Last year’s soil is of no use to your new, budding garden. After Winter, the dirt has been left depleted and hardened by the elements. Planting in used dirt is destined for disaster! If your But don’t worry, in the empty areas of your garden,  simply till your garden’s soil a couple of inches down into the ground. This allows existing leaves and mulch to breakdown into the soil, releasing extra nutrients. Once it’s all broken up, give it some new potting soil and rich compost. Doing this will ensure that the earth is rich with nutrients to provide for your garden. Now that the soil is prepared to home your many incoming plants, the next step is to start composting. 
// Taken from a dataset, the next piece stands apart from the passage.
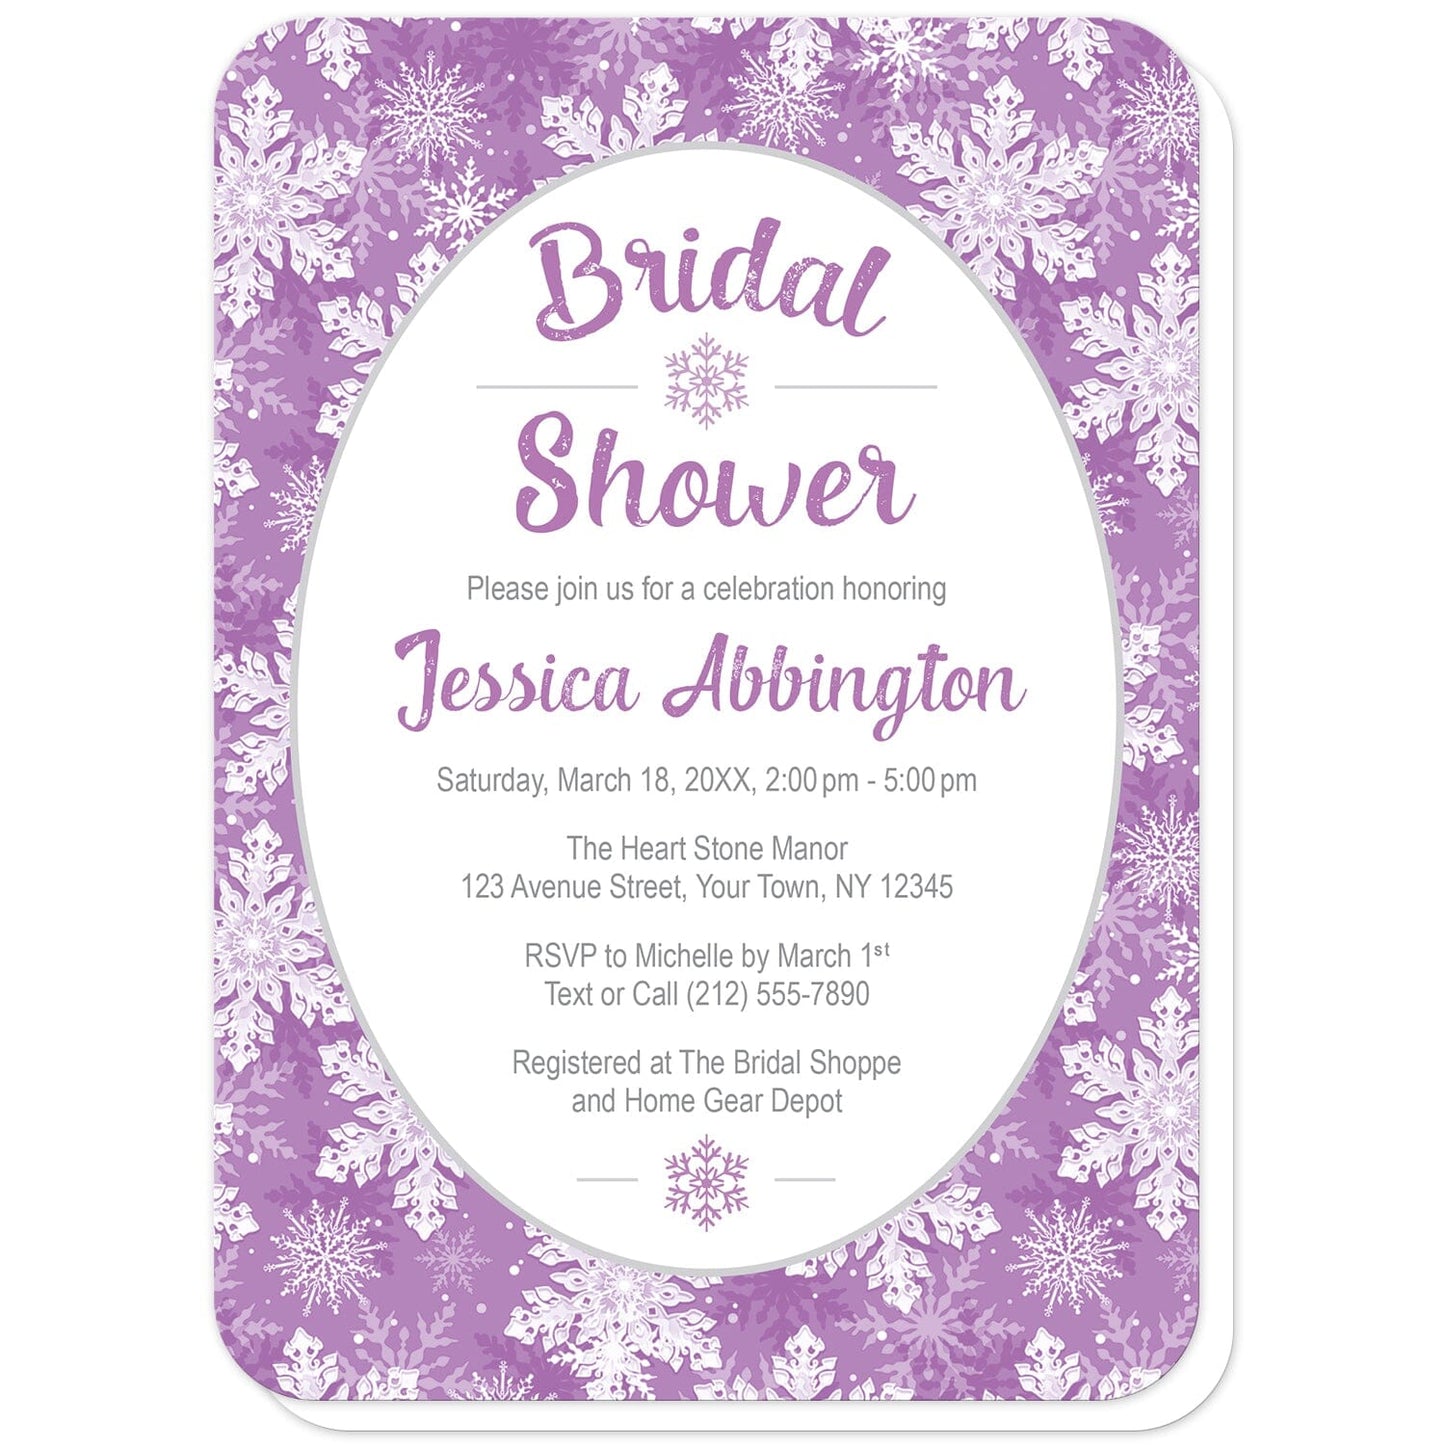 Purple Snowflake Bridal Shower Invitations (with rounded corners) at Artistically Invited. Beautifully ornate purple snowflake bridal shower invitations with your personalized bridal shower celebration details custom printed in purple and gray in a white oval frame design over a purple and white snowflake pattern background.

Composting is essential to a healthy garden. A cheap and easy way to make your own involves just two things: a bin and food waste. But when I say food waste, don’t go throwing last night’s lasagna in there. Organic items like fruit and veggie scraps, eggshells, and grass clipping would be much appreciated. Next, take all your planning from step one and put it into action. Those with more established gardens might scoff at this step. However, it may be needed to build new garden beds or invest in some more planters, pots, and trays. If you find that your soil is difficult to work with, you might benefit from store-bought potting soil and raised beds. For smaller plants, simple pots offer a mobile option that can easily spruce up any area of your outdoor space.

 

Step Three: Plants!

Finally! You’ve made it to the best part; congratulations! Start by digging up any of your perennials from the previous year. Leaving them crowded can cause the flowers to deteriorate over time. It’s important to separate them, being sure to untangle the roots, before planting them in a way that allows for more room. This will not only be beneficial to the health of your garden but, it’s an easy way to propagate your flowers to grow more and more. 

Many plants bloom in the spring. Once your old bulbs are taken care of and planted, you can grow more! Spring bulbs and perennials, like lilies, gladiolus, and daffodils, all thrive during these coming warmer months. Sporting bright and vibrant colors, these plants will add life to your backyard. Flowers not your thing? Don’t worry. Springtime also offers the opportunity for many vegetables. A wide variety of greens such as spinach, kale, lettuce, and arugula all will flourish. Also, celery, peas and carrots, to name a few more. With these new plants in your garden beds, your backyard will be in full bloom for spring. Set up now for a field of flowers and baskets full of produce soon!